CLASP
The Centre for Linguistic Theory and Studies in Probability

Experiments with category representations

Abstract

In this talk, I will start from the observation that computational models that use distributional semantics / word embeddings make (mostly implicit) use of categorization theory and can be analyzed in those terms. To illustrate this, I will present two studies on (a) classification in terms of prototype and exemplar models [1] and (b) alternatives to the default way of constructing word embeddings from co-occurrences of the category noun [2].

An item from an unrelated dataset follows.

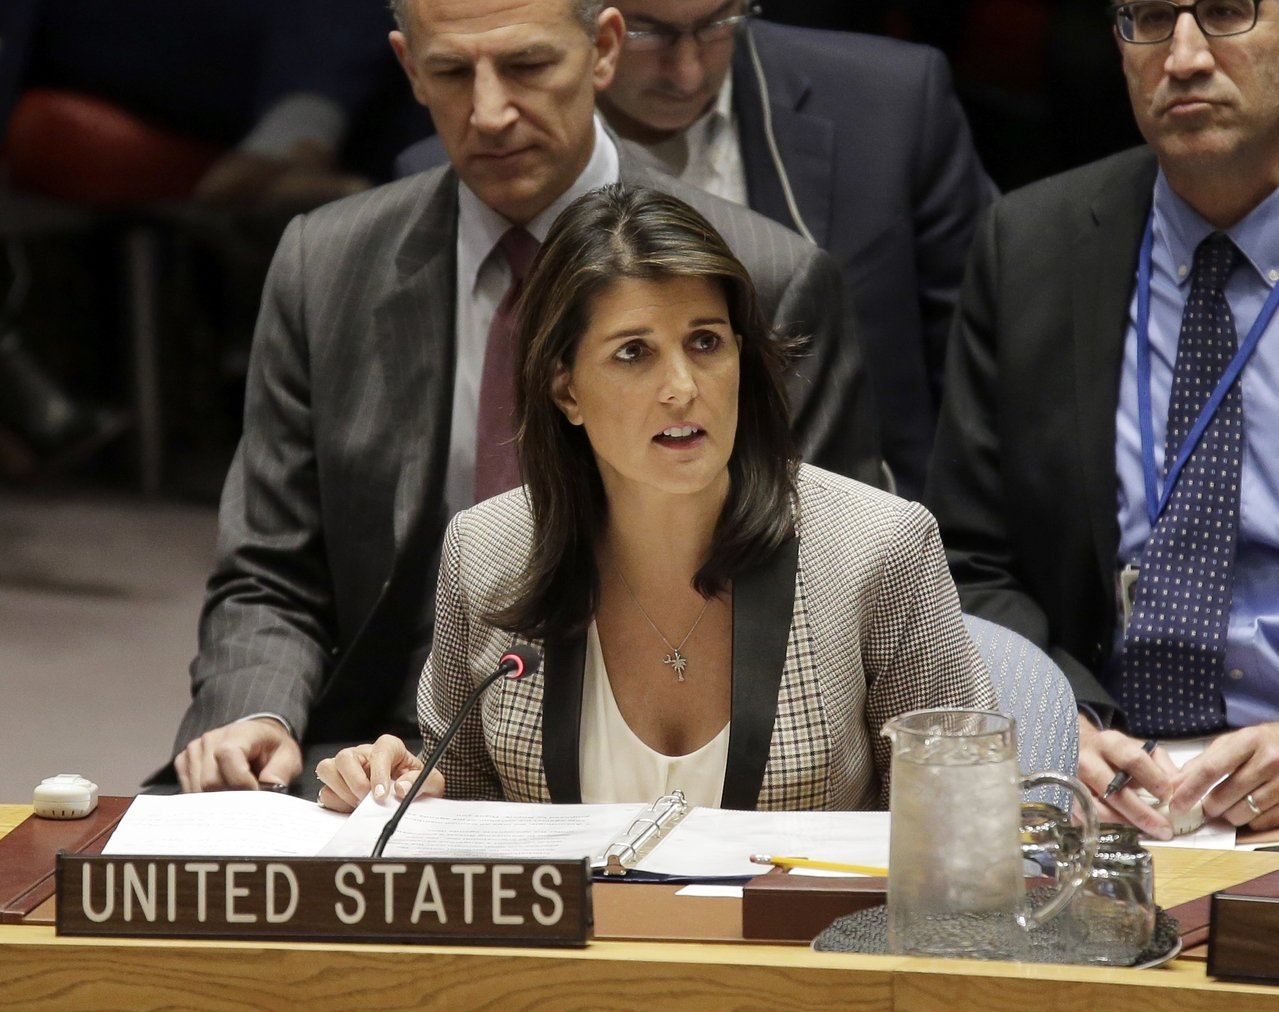 美國駐聯合國前大使海理推文批評總統川普。(美聯社)

[1] Jennifer Sikos and Sebastian Padó. Frame Identification as Categorization: Exemplars vs Protoypes in Embeddingland. In: Proceedings of IWCS, pages 295-306. Gothenburg, Sweden, 2019. https://doi.org/10.18653/v1/W19-0425

[2] Matthijs Westera, Abhijeet Gupta, Gemma Boleda and Sebastian Padó. Distributional models of category concepts based on names of category members. Cognitive Science, 45(9):e13029, 2021. https://doi.org/10.1111/cogs.13029

VITA: Sebastian Padó is professor of computational linguistics at Stuttgart University since 2013. He studied in Saarbrücken and Edinburgh and was a postdoctoral scholar at Stanford University. His core research concerns learning, representing, and processing semantic knowledge (broadly construed) from and in text. Examples include modeling linguistic phenomena (discourse structure, inference, etc.), applications in the computational social sciences and digital humanities, and methodological aspects such as model interpretation and robustness.